Schulz ” Eğer bir çizer olmak istiyorsanız, her gün çizin.” demiş. Bu yaşamı boyunca her gün yaptığı bir şeymiş kendisinin de, 2000 yılında, 78 yaşında ölene dek. Ama çizdikleri çok uzun süre yaşamasını sağlayacak bence. Her bir bant okunmayı sürdürülene kadar. 2002 yılında Santa Rosa California’da açılan Charles M. Schulz Müzesi ve Araştırma Merkezi 7500’ün üzerinde orijinal çizgi bantı bünyesinde barındırıyor. Duvarlarda da Schulz’un sözleri var. Bunlardan birinde çizerlikte ilk geliştirilmesi gereken şeyin sabır olduğunu söylemiş. “Bir sanatçı ve yazar olmanız gerektiği gibi bir zanaatkar da olmanız gerekir.” demiş. “Bir çizer her gün her gün aynı şeyi kendisini tekrar etmeden çizen kişidir.” diyor müzede asılı bir fotoğrafının üstündeki yazıda da. Peanuts ilk kez 2 Ekim 1950 yılında yayınlanmış. Snoopy 4 Ekim’de ilk defa görünmüş.

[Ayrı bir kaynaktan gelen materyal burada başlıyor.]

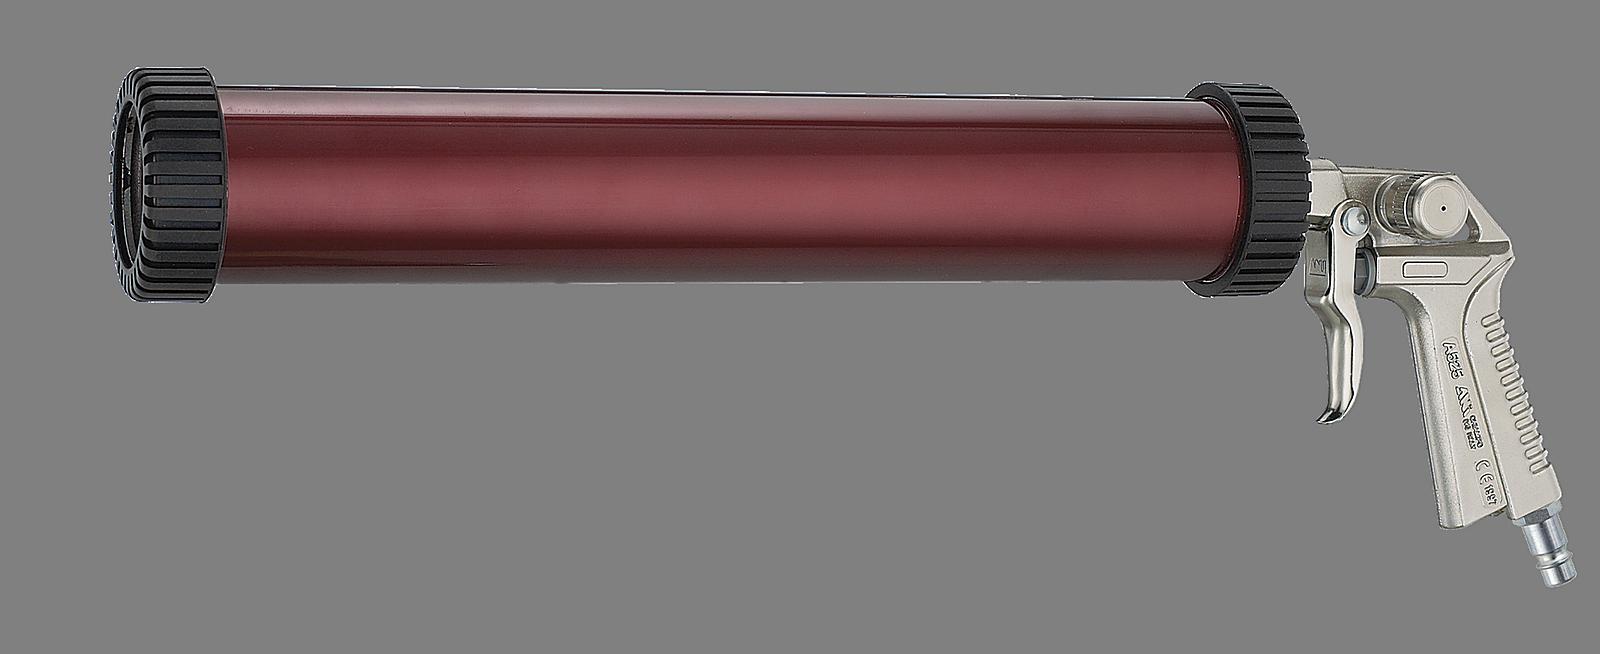 BAMAX 168PT pneu pistole na kartuše

Snoopy’nin iki ayağının üstünde mutluluk dansı yapması ise 1956-57 yıllarına rastlıyor. İki ayağının üstünde yürümek Snoopy’i daha özgür kılmış ve fantezi dünyasıyla daha içiçe olmasına yaramış.

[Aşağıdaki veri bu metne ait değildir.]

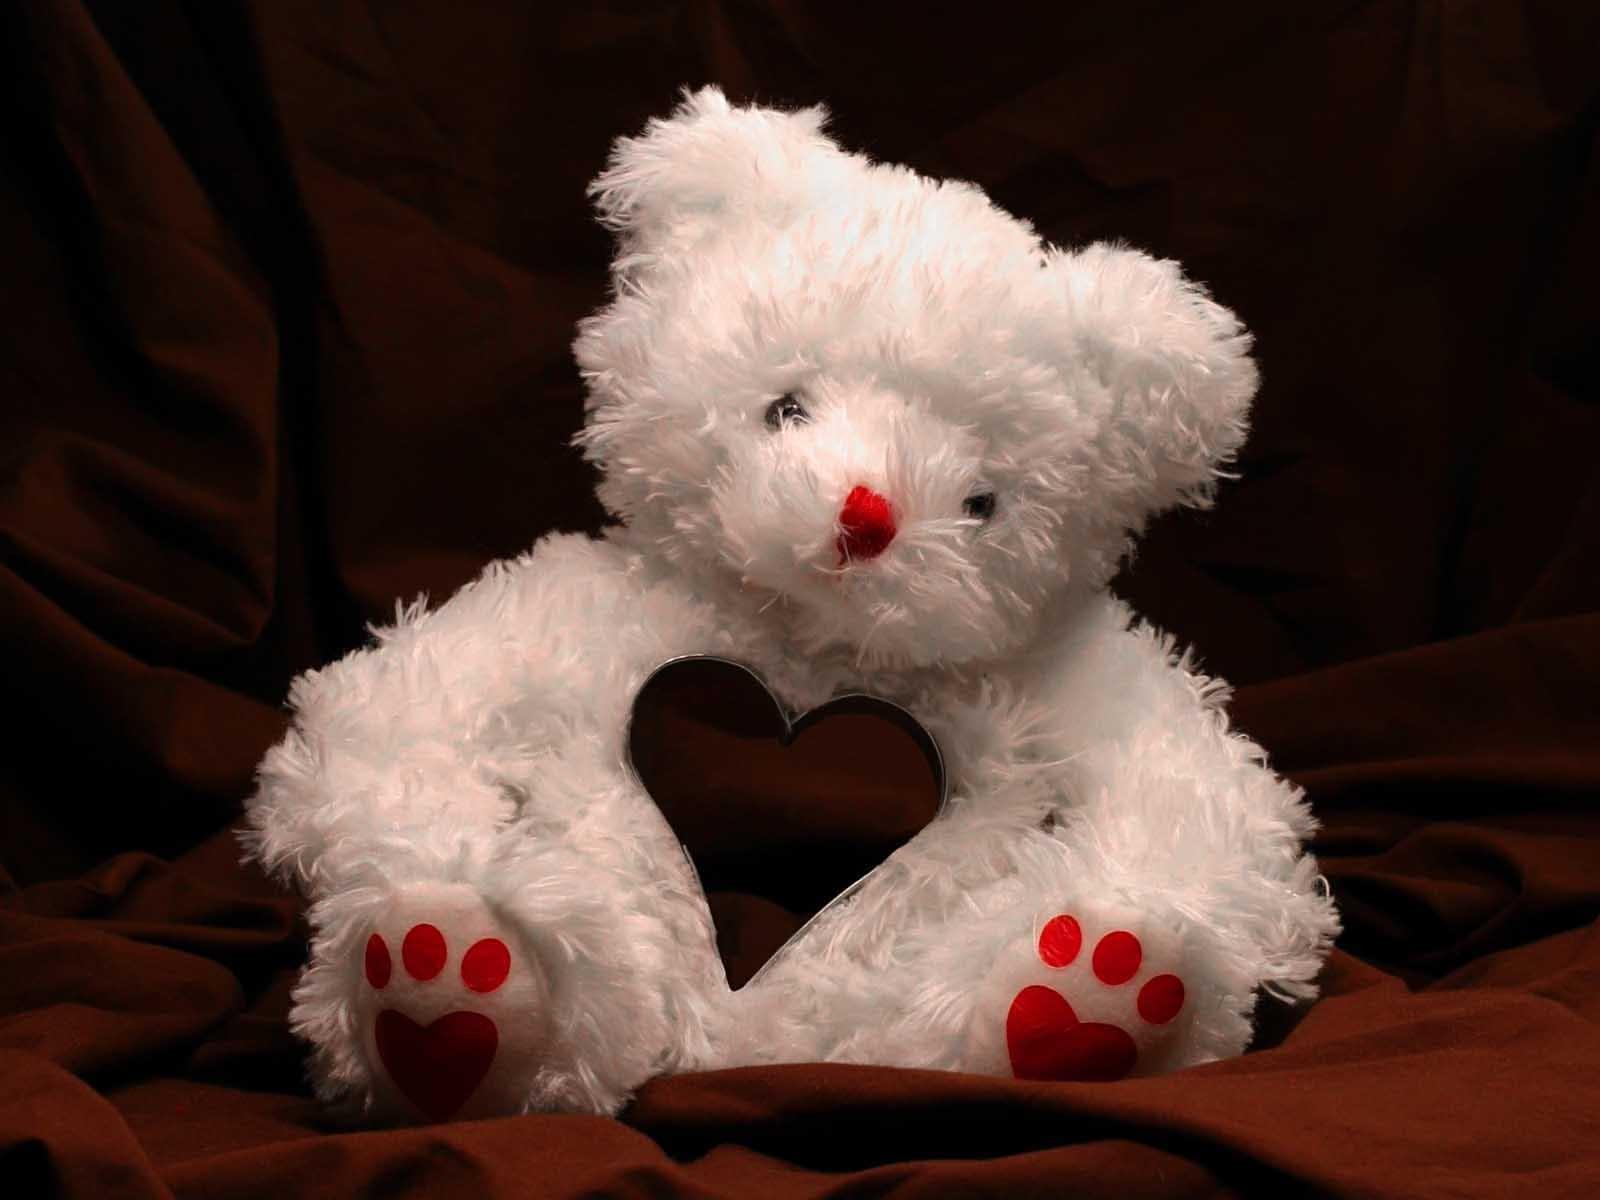 Valentine's teddy bear wallpapers

Schulz Peanuts’ı çizerken beş çocuğundan çok esinlenmiş. Bazı karakterlerin isimlerini de arkadaşlarının isimlerinden seçmiş. İlk oğlu Monte ve onun Birinci Dünya Savaşı model uçakları sayesinde önemli karakterlerden birini yaratmış. İkinci oğlu Craig ki kirli bisikletler kullanmayı severmiş, motocross konusu buradan çıkmış. Lucy ve Schroeder ilişkisi ise ilk karısıyla Schulz arasındaki ilişkiyi anlatır. Lucy Schroeder’a aşıktır, ama çocuk ona hiç yüz vermez. Tek ilgilendiği piyanosu ve Beethoven’dır. Schultz “En sevdiğim bestekar Brahms’tır ama Beethoven ismi daha komik olduğu için Schroeder’e o bestekarı uygun gördüm.” der. Lucy huysuz ve mızmız bir karakterdir. Charlie Brown’a ve erkek kardeşine karşı acımasızdır da. Bir ara bazı arkadaşlarım da bana Lucy diyorlardı 🙂
Benim en sevdiğim karakterlerden biri Lucy’nin erkek kardeşi Linus’tur. Seriye 1954 yılında katılır. Bir battaniyesi vardır, onu herşeyden koruduğuna inanır, elinden düşürmez. Parmağını emerek onu taşır. Kız kardeşi Lucy onu bu alışkanlıktan vazgeçirmek için tüm aksiliğini kullanır. Başlarda Linus battaniyesini sever, onu her yere taşır ve yıkandığında bile acılar çeker. Ama sonraları ondan utanır ve kurtulmak ister. Schulz ilk üç çocuğunun evde battaniyelerini sürükleyerek dolaştığını söyler.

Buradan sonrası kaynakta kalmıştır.